The truth is that you can get an existing lawn looking good but there will always be different blade sizes and width, different colors, different growth patterns. 
I want my grass to look like a carpet. I got my old lawn looking reallllllllly good, however I wasnt satisified.

The problem is without any experienece moving into a reno could be disastorous. Meaning worse case scenario you waste probably close to 1,000$-1,500$, A 200 hours of time and you still dont have a lawn. On top of that you'll still have to commit more resources to actually fix a failed reno. 
If your sowing kbg, ot takes almost 2 months to get out of pout and sprout so its not for the faint of heart.

The one exception to this is that you go with Sod. 
If you get a fresh install with sod, while not ideal, we can at least coach you through it...

If you go with sod the 2 main pitfalls are a.) not watering enough, b.) killing your lawn incidentally with herbicides.
So you need to be very thourough and know how to use a sprayer and calibrate one.

Heres the challenge, if you can get your lawn weed free except for poa triv by this time next year, youre ready for a reno.


----------



## Binny09 (May 24, 2020)

Hello Folks!

So my lawn looks much better this spring after the renovation in fall.

It was 70% weeds and 30% grass when i took over the property last May. Now I can confidently say its 80% grass and 20% weeds. See the attached pic.



Before the renovation, I had applied 2,4-D to kill to try and kill the weeds. Had some success with it. At the time of renovation, unfortunately I couldn't get tenacity here in Canada that could have avoided the weeds. There are some sections that have more weeds than the rest of the lawn.





Now should I apply for 2,4-D at this time to fight these weeds? Or let grass thicken a little bit?

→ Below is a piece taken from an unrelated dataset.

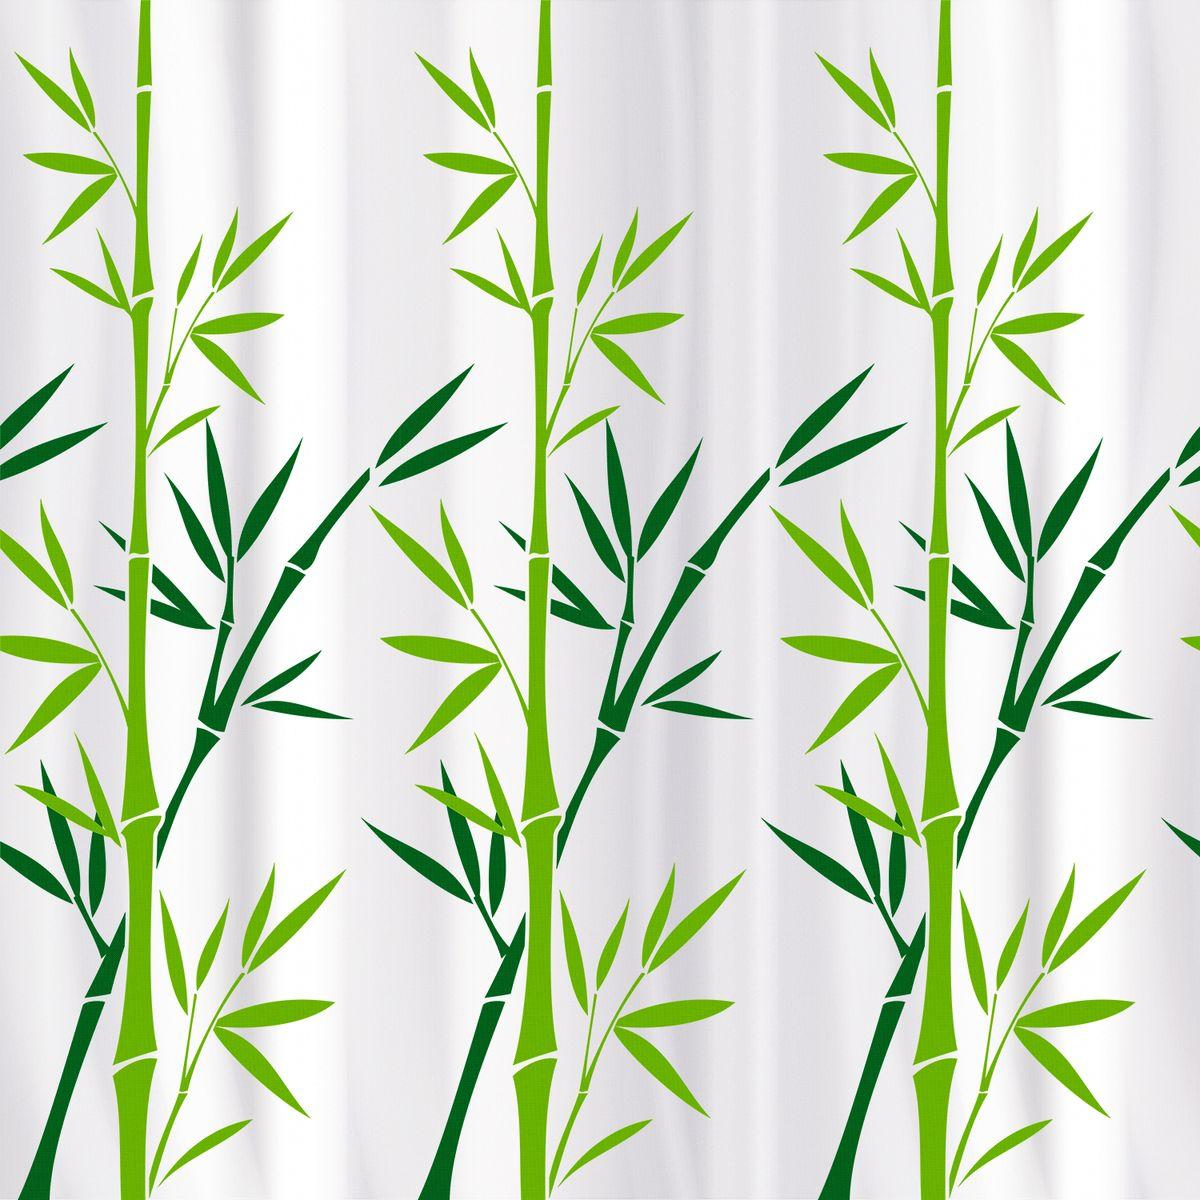 Штора для ванной Tatkraft Bamboo Green Textile, с водоотталкивающей пропиткой18013Tatkraft BAMBOO GREEN TEXTILE Тканевая штора для ванной комнаты. • Изделие имеет специальную водоотталкивающую пропитку и антигрибковое покрытие. • Штора быстро сохнет, легко моется и обладает повышенной износостойкостью. • В комплекте также имеется 12 пластиковых овальных колец. • Штора оснащена магнитами-утяжелителями для лучшей фиксации. • Мягкая и приятная на ощупь штора для ванной Tatkraft порадует вас своим ярким дизайном и добавит уюта в ванную комнату. • Можно стирать в стиральной машине при температуре 40°С.

I guess my concern is that if apply 2,4-D it might hamper the growth of grass.


----------



## Stuofsci02 (Sep 9, 2018)

I would apply the 2-4d. It looks like everything is actively growing, but if it is cool still it might be better to wait until temps are between 15c-24c as it won't be as effective if it is cold.. The 2-4d won't hurt the grass when used at label rate in that temp range.


----------